Yochai Benkler describes how the spread of computers and connectivity - to perhaps 600 million people worldwide - has shifted the economics of production. It has, says Benkler, “created a new condition where the most important inputs into the core economic activities of the most advanced economies are widely distributed in the population: computation and communication resources, human creativity, intuition, experience and motivation.” Individuals on their own or with collaborators can act without requiring formal authority or central management.
What Benkler characterizes as commons-based peer production creates both competition and new market opportunities. The BBC is now taking advantage of individuals who offer unique content, such as cell phone images from inside the London Underground following recent terrorist bombings.

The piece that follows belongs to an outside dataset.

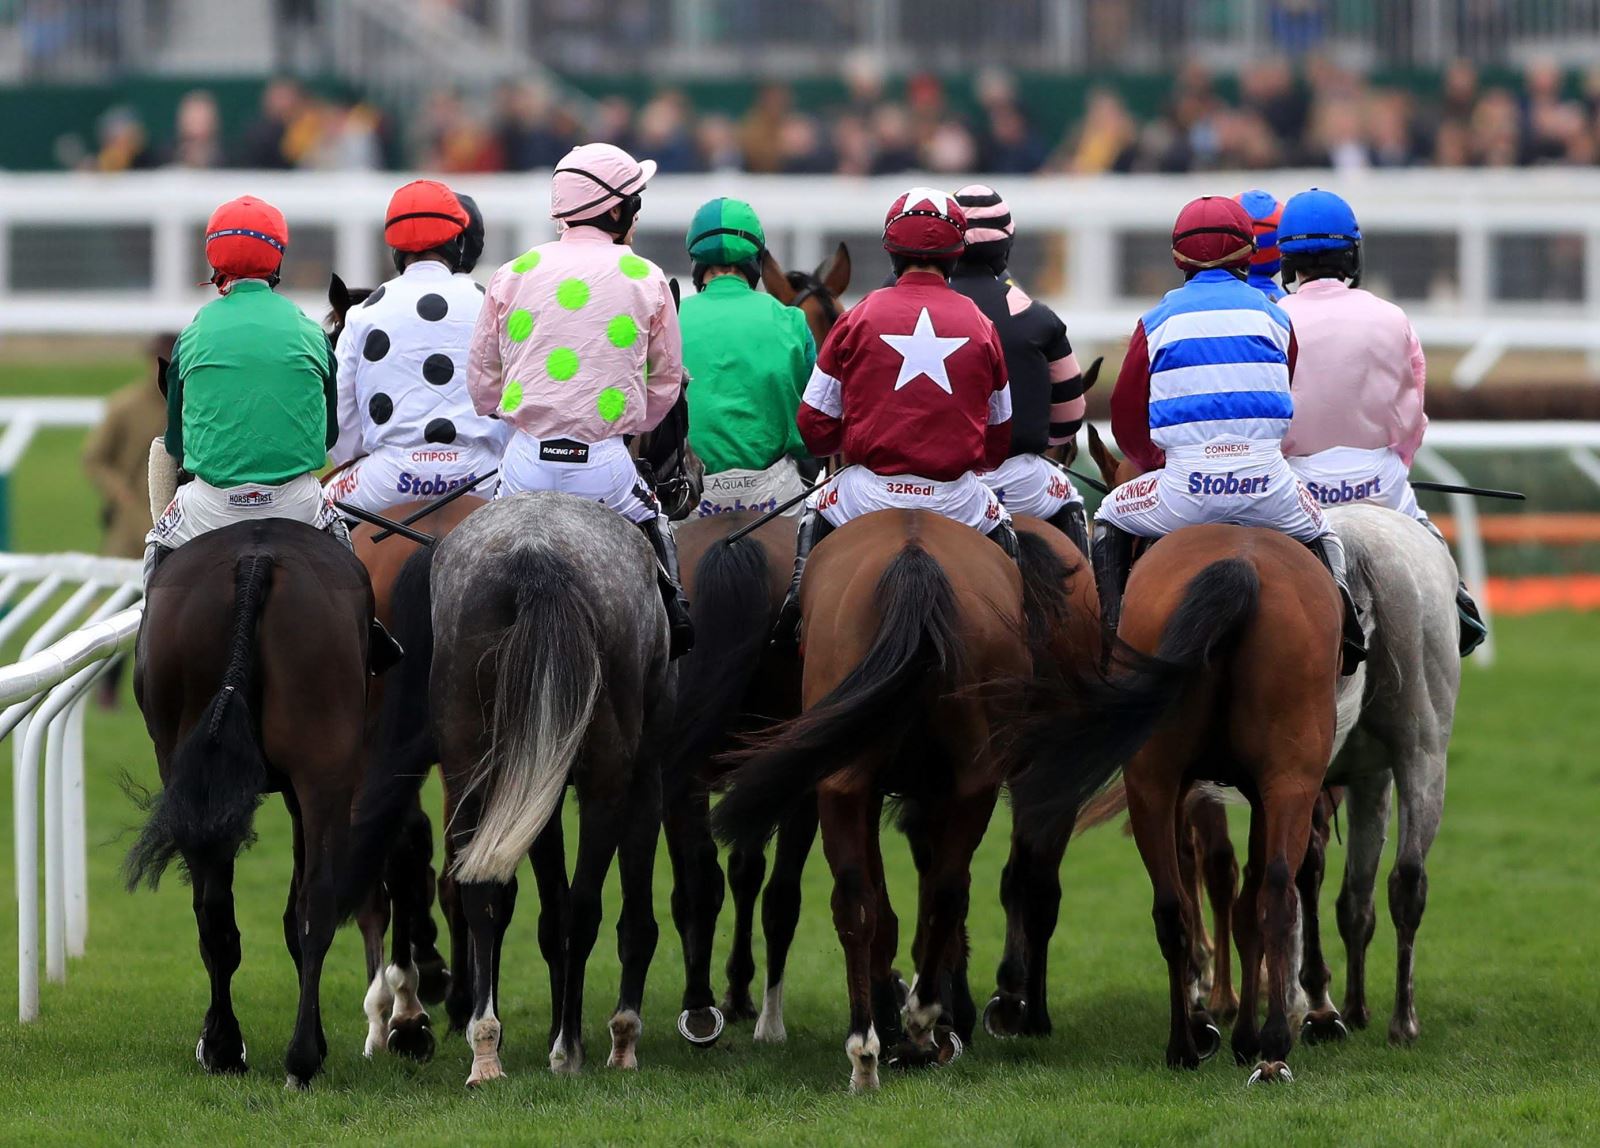 Horses with jockeys at Cheltenham Racecourse

This new freedom to post material for the rest of the world to view has major ramifications for democracy. Benkler recalls the Internet-based attack on flawed Diebold voting machines, which led to legal judgment -- albeit a year too late to affect election returns. The production and distribution of knowledge and culture also has implications for human welfare and development, with open source publishing of bioinformatics and medical and agricultural innovations. “We are beginning to practice new ways of being free and equal human beings,” says Benkler, though any gains will be “subject to a global and persistent political and regulatory battle.”
Henry Jenkins discerns convergence, and sometimes collision, between “top down” and “bottom up” media. We live in a world “where every story, image, sound, relationship, and brand is going to be conducted across the maximum number of media channels, legally or illegally, corporate or amateur,” he says. This participatory culture engages in a give and take with traditional, centralized powers. The grassroots absorbs stories or consumes material provided by the mass media, then filters or comments on it – e.g., MoveOn.org’s “Bush in 30 Seconds” video contest. Mass media takes the grassroots content, and attempts to sell it back to users, or generates “astroturf”—fake grassroots material. Says Jenkins, “Some say we live in a world where five companies control media in our lives. Others say we live in a world where there are no gatekeepers. I say, ‘Yes, that’s true’ to both.”
In this “apprenticeship stage,” we are acquiring skills in participatory culture and collective intelligence, first as fans, bloggers and gamers. But this will “translate to new forms of activism in a rapid way.” Jenkins cites how amateur photos, songs, and cartoons during Hurricane Katrina helped shape public opinion about the disaster response. The final season of “West Wing” engendered political engagement in the blogosphere that straddled party lines, “suggesting ways out of purely partisan elections,” says Jenkins. But he warns of a participation gap: “If you live in a world with 10 minutes of connectivity with slow bandwidth, you have unequal access.”